風俗営業等の規制及び業務の適正化等に関する法律(以下、風営法)では、深夜0時から早朝6時までの時間帯において営業を行う飲食店を「深夜営業飲食店」、このうち、「バー、酒場その他客に酒類を提供して営む営業であって、営業の常態として通常主食と認められる食事を提供して営むものを除いた営業」を「深夜酒類提供営業飲食店」として区分しています。
★深夜酒類提供飲食店
- 設備を設けていること
- 客に飲食をさせていること
- 営業の常態として通常主食と認められる食事を提供して営むものではないこと
本来であれば、サービス内容や営業時間等は飲食店の自由意思に任せるべき事項ですが、飲食店であるからには食品衛生上の問題をクリアする必要があるほか、深夜に及ぶ飲酒と歓楽的な雰囲気に起因するトラブルを未然に防止する必要があります。
一般的なレストランやラーメン店のように、営業の常態として通常主食と認められる「食事」を提供する飲食店については、これらのトラブルが発生する可能性は低く、食品衛生上の措置を求める飲食店営業許可のみで深夜営業を行うことが可能です。

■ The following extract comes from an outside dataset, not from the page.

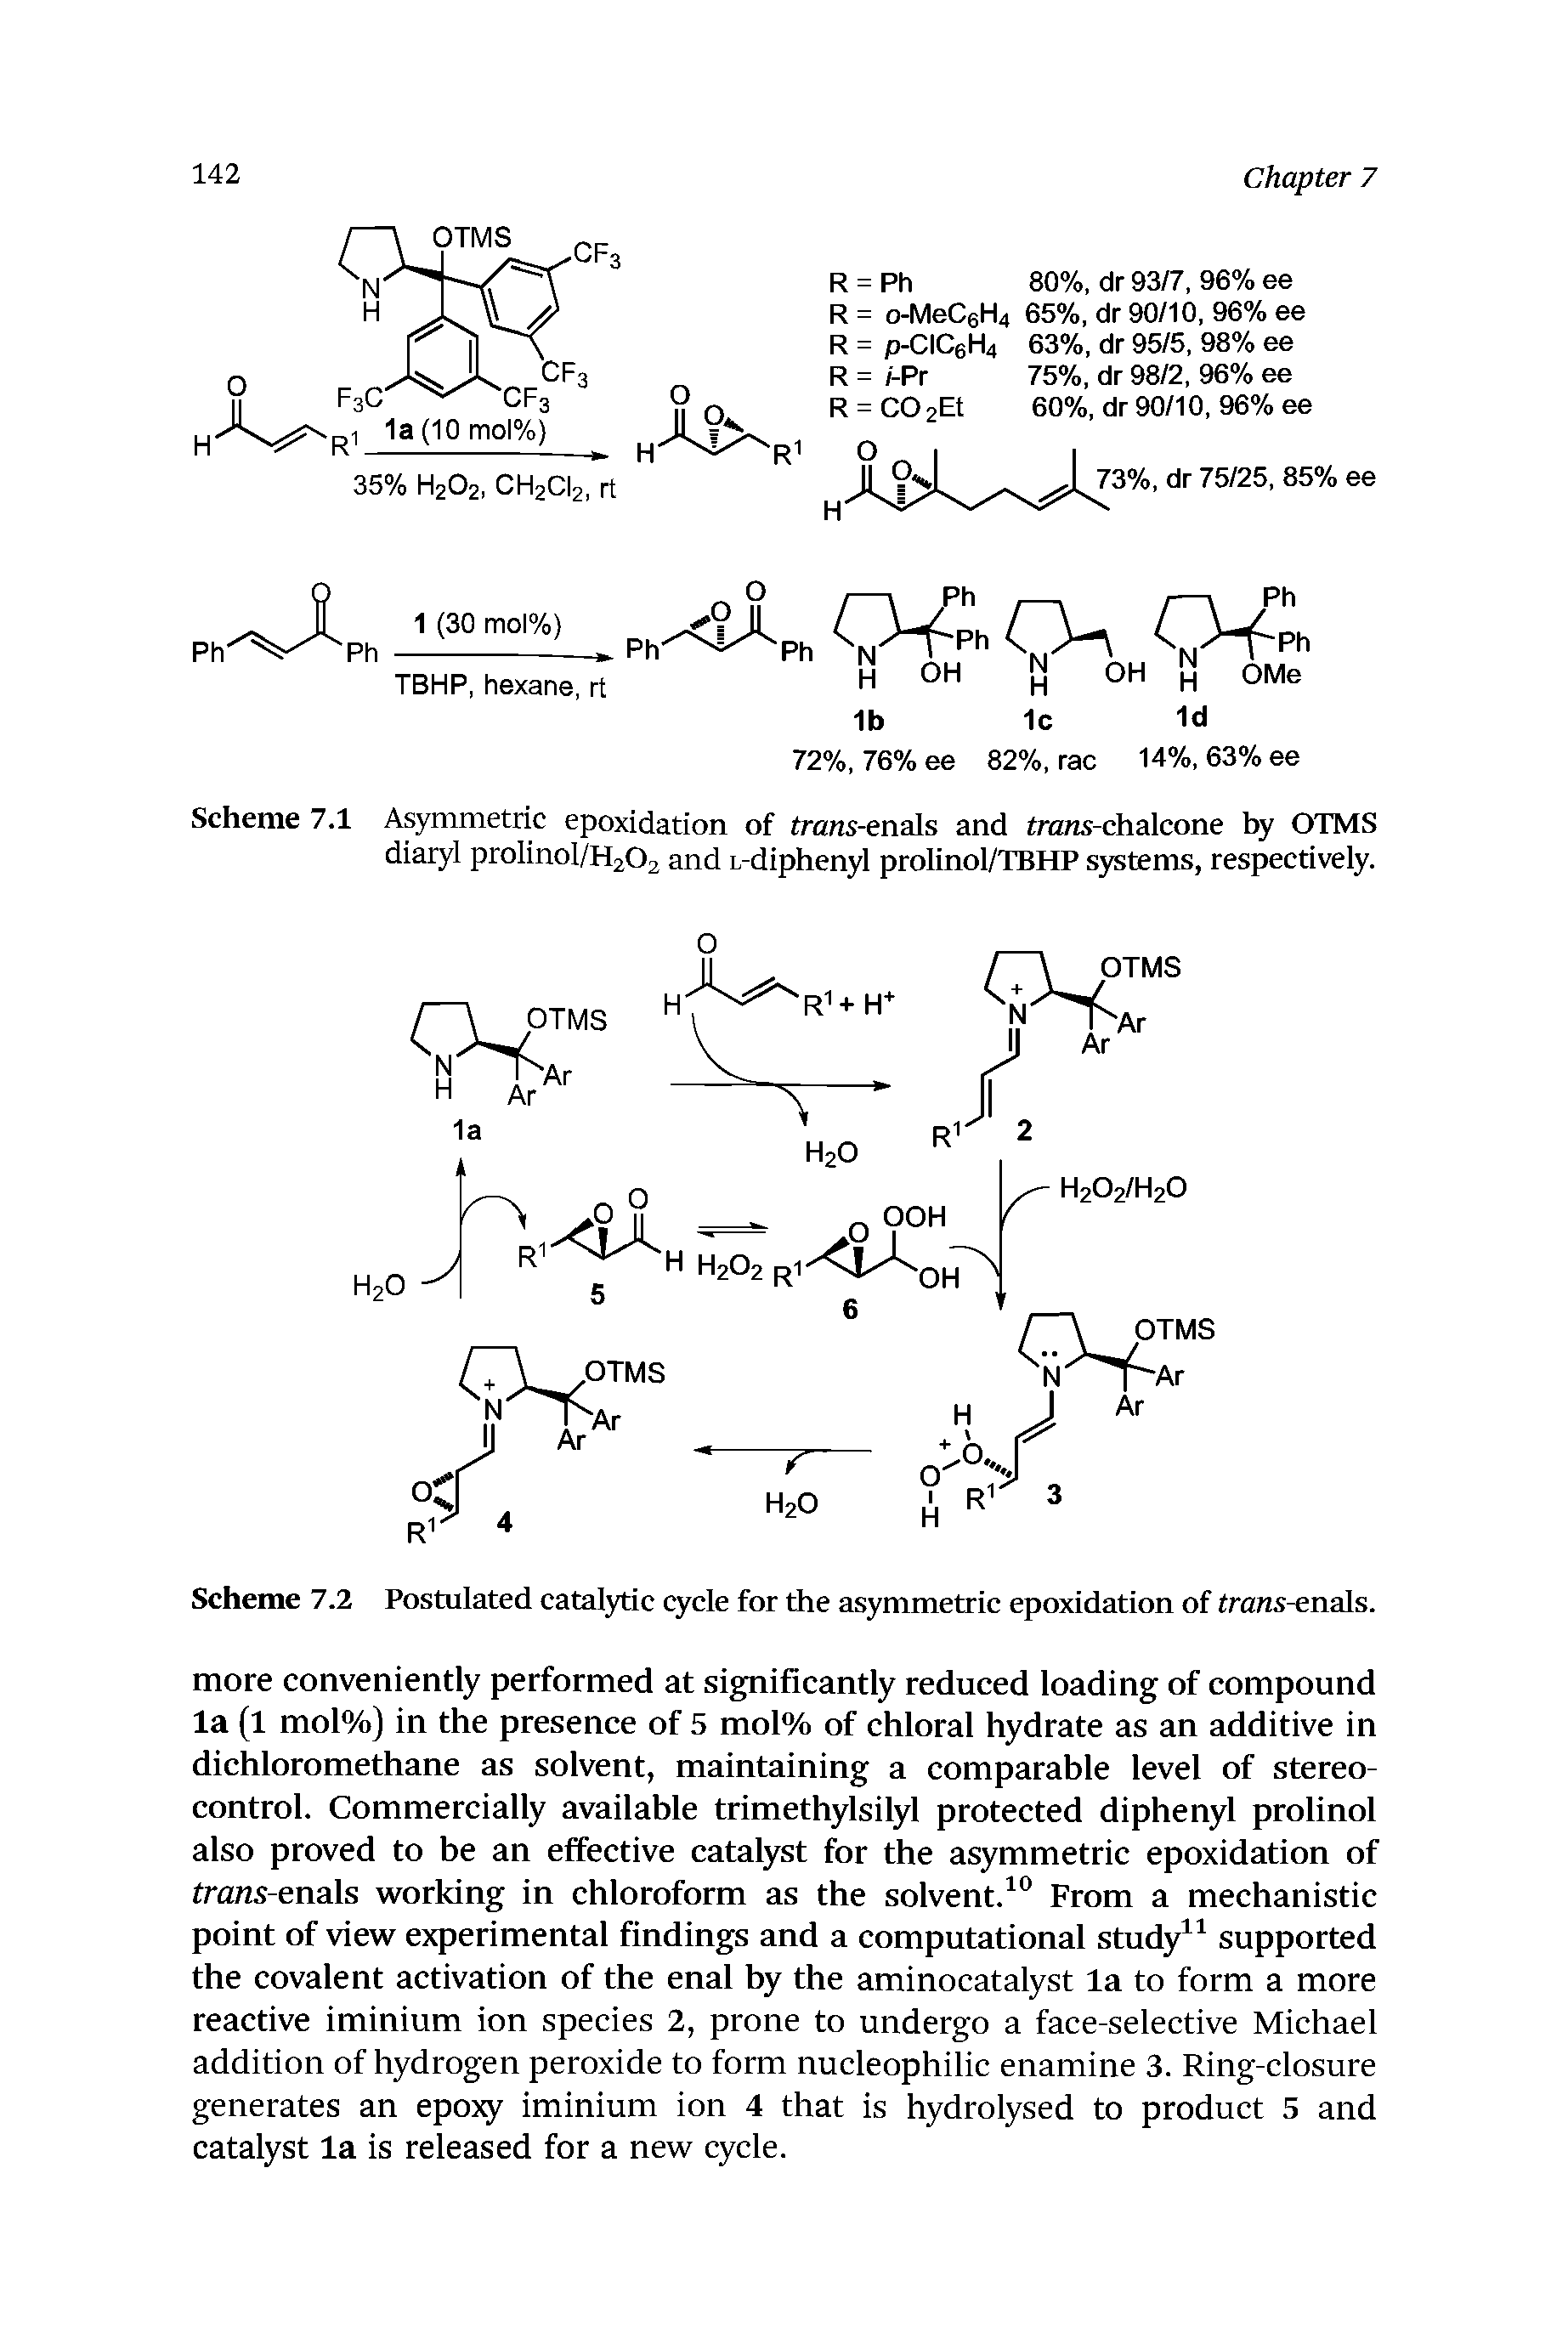 Scheme 7.1 Asymmetric epoxidation of tra/rs-enals and frans-chalcone by OTMS diaryl prolinol/H202 and r-diphenyl prolinol/TBHP s tems, respectively.

他方、BARのように「飲酒」をメインとする飲食店が深夜営業を行う場合には、上記の趣旨により、飲食店営業許可に加え、深夜酒類提供飲食店営業の届出を行う必要があります。
もっとも届出の要否については、明確な判断基準が存在しているわけではなく、管轄ごとの温度差や取扱いの違いやもあるため、事前に所轄の警察署に確認する方が無難です。
お店のコンセプト

近年は、飲食を提供するだけにとどまらず、様々なコンセプトを打ち出す施設が増え、単なる飲食店の域を超えたエンターテイメント施設のようなお店まで登場しています。
下表はその一例ですが、これらに該当する飲食店では、その実態に応じて適切な手続きを行う必要があります。
ダーツバー | デジタルダーツは規制の対象外ですが、従業員と客との対戦は接待に該当するため、風俗営業許可が必要になります。 |
ダンスクラブ・スポーツバー | 設備を設けて客に遊興をさせ、かつ、客に深夜において酒類を提供する営業は特定遊興飲食店営業に該当します。 |
コンセプトバー | メイドや執事に接待をさせる場合には風俗営業許可が必要になります。 |
ポーカーバー | ポーカーテーブルの専有面積(×3)が客室の10%を超える際は風俗営業許可が必要になります。 |
アミューズメントバー | 風俗営業の5号営業許可が必要になるほか、1号営業許可が必要になる場合があります。 |
シーシャバー | たばこの対面販売許可が必要になります。 |
社交飲食店との関連
お酒を提供するお店で特によく問題となるのが、キャバクラやホストクラブのように、接待を提供する社交飲食店との兼ね合いです。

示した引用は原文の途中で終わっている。